• **What you should do**: Start at the line with "Stratovolcano Snaefellsjoekull and" in the records below, stop at the line with "IPhone X Mockup - Mobile Displays", and return every line in that span exactly, the two end lines included.

• **Material to process**:
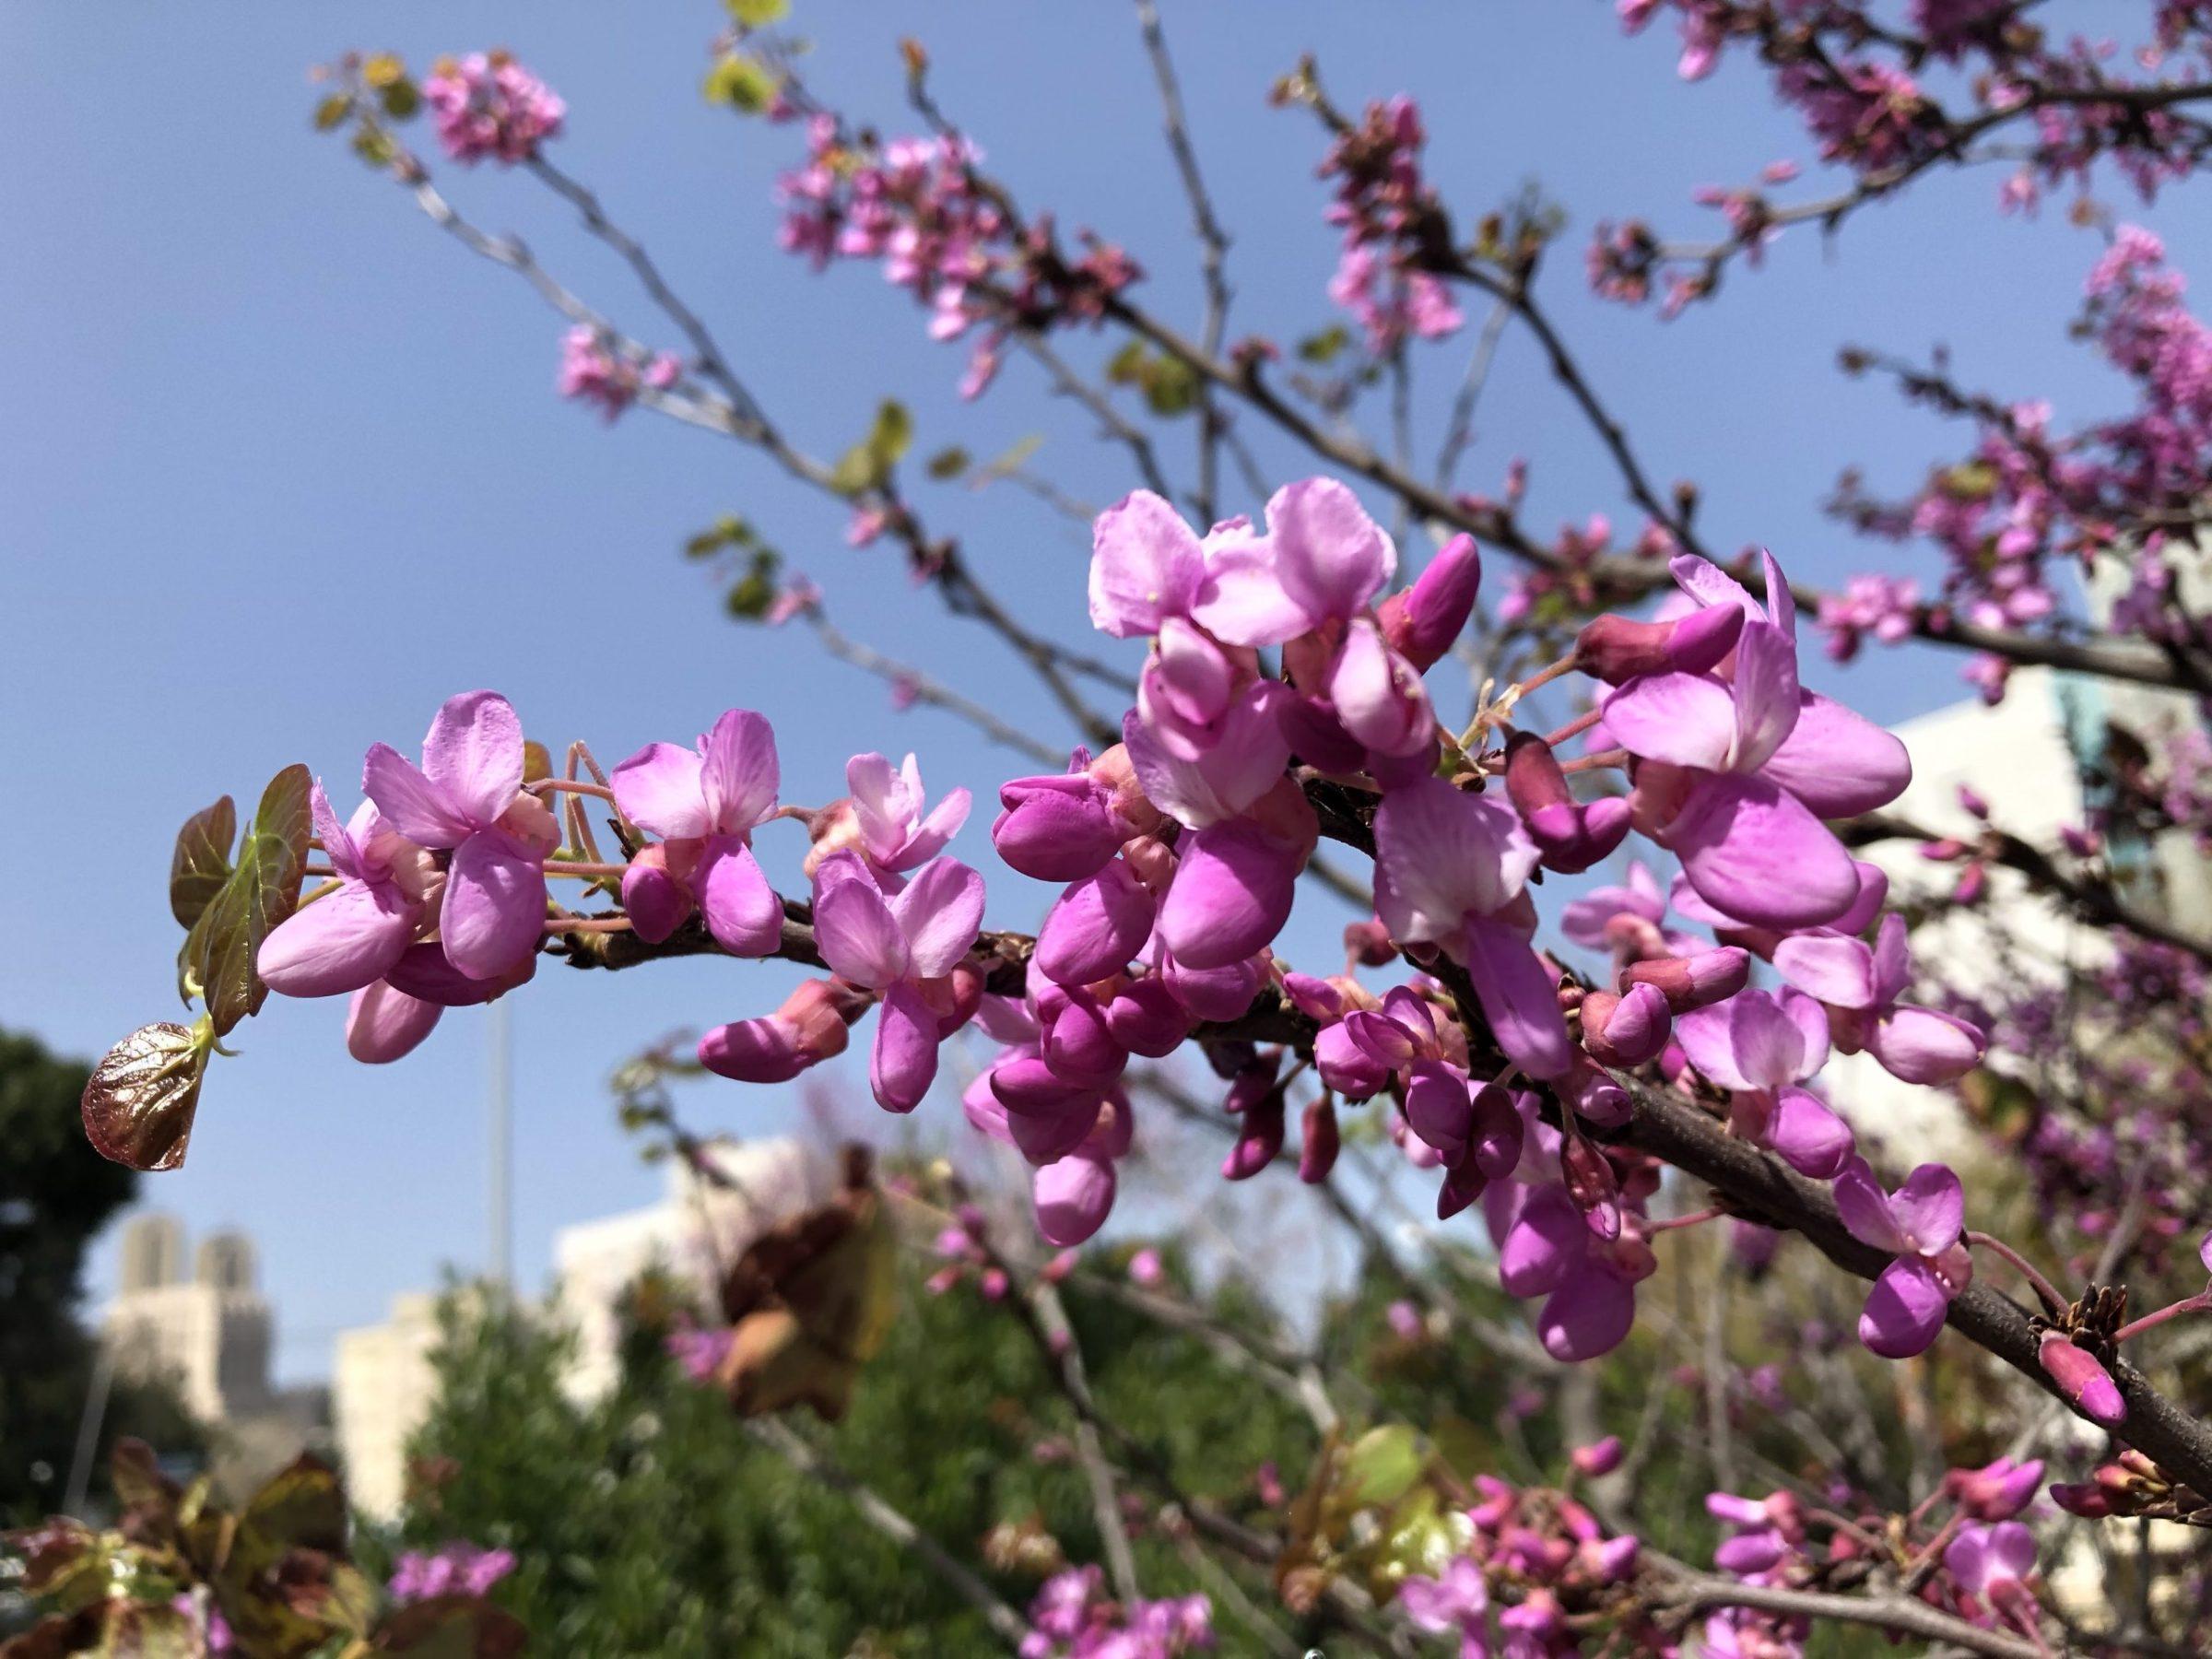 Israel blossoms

* * *

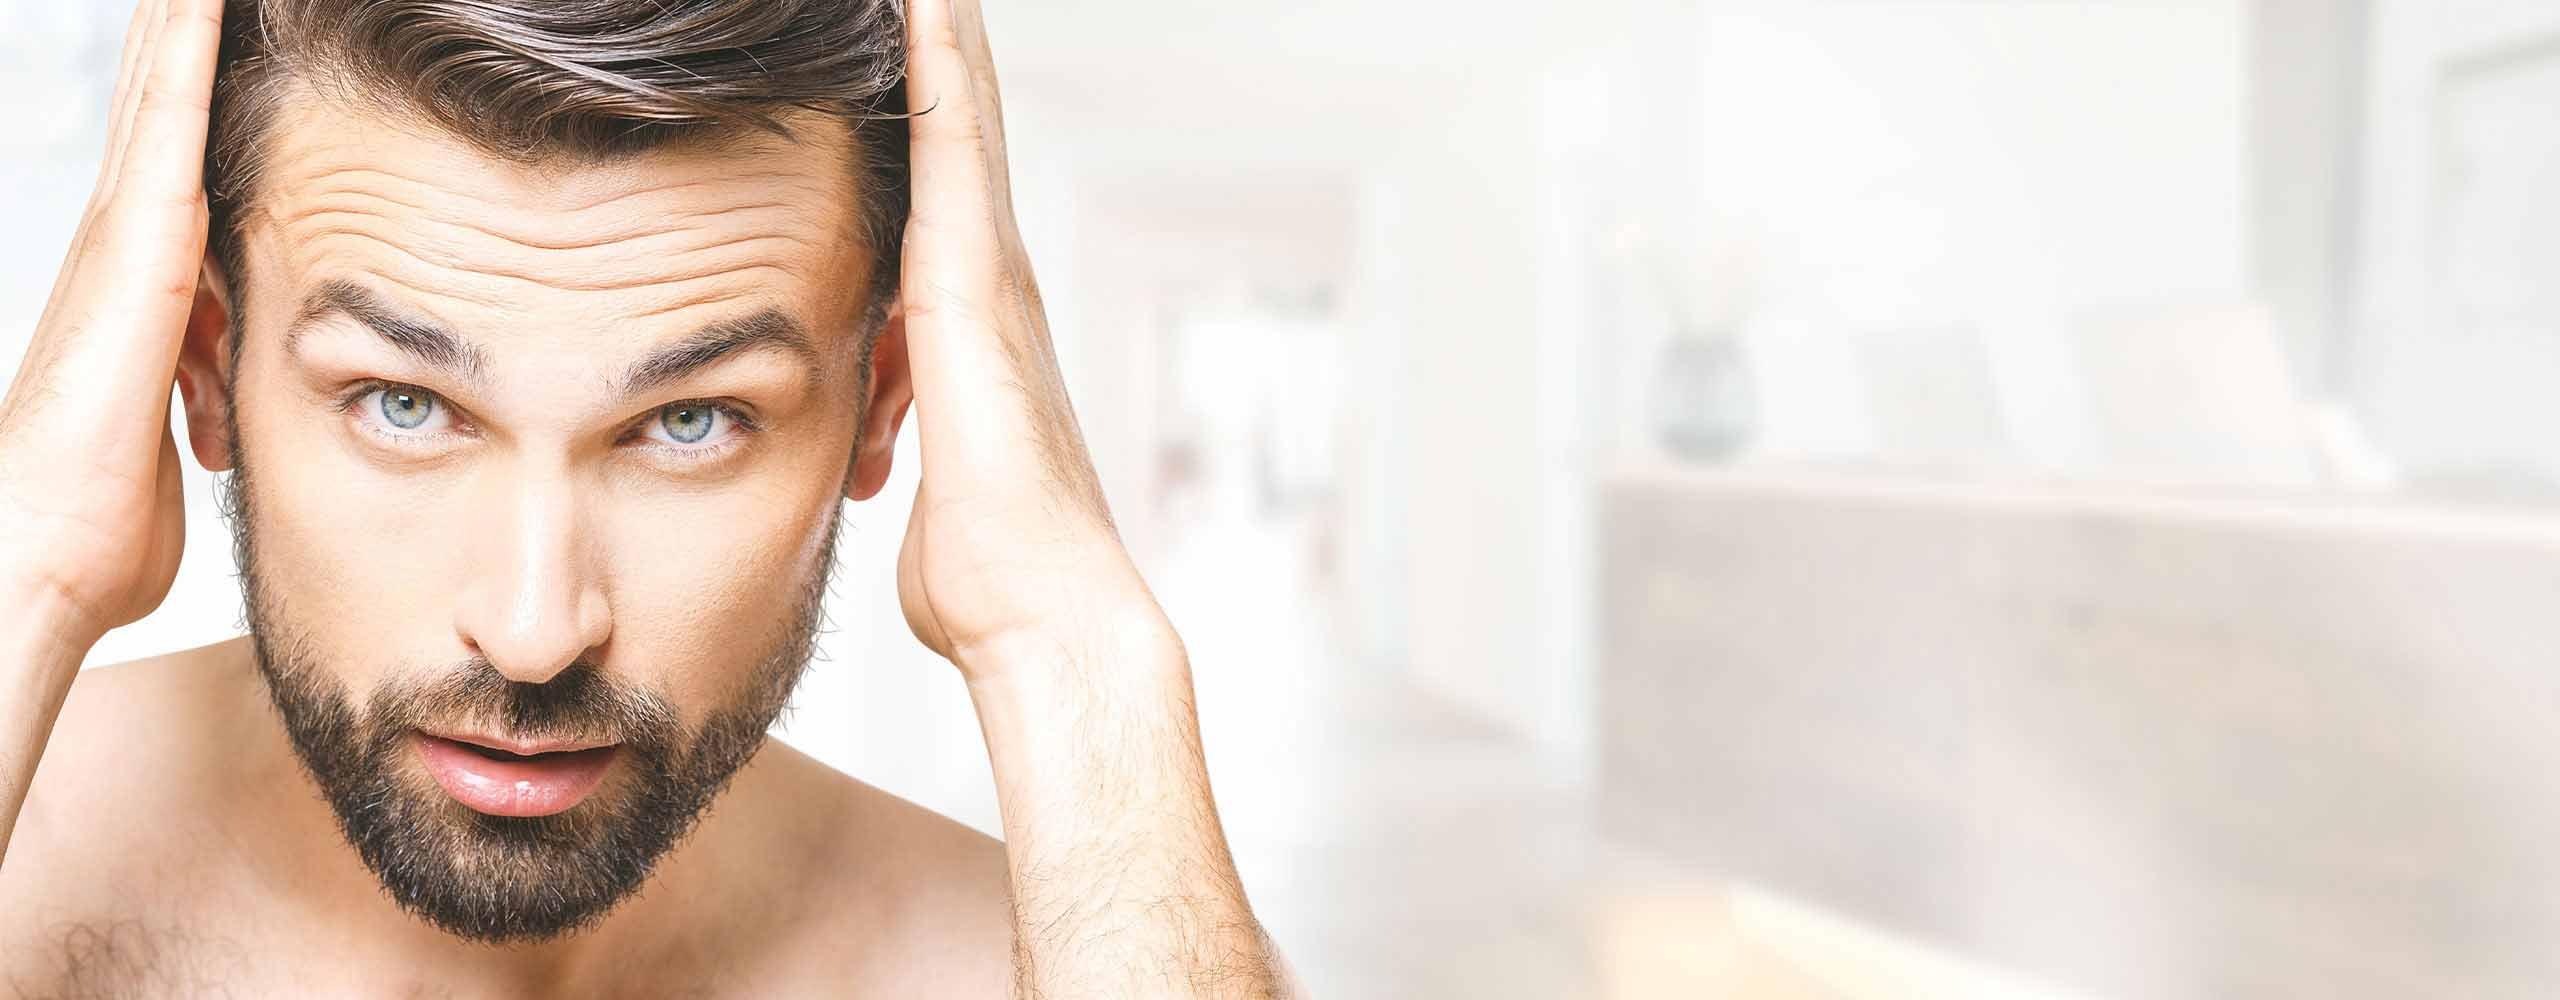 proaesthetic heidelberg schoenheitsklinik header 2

==

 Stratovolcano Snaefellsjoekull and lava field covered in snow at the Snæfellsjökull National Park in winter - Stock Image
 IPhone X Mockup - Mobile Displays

• **Reply to the task**:
 Stratovolcano Snaefellsjoekull and lava field covered in snow at the Snæfellsjökull National Park in winter - Stock Image
 IPhone X Mockup - Mobile Displays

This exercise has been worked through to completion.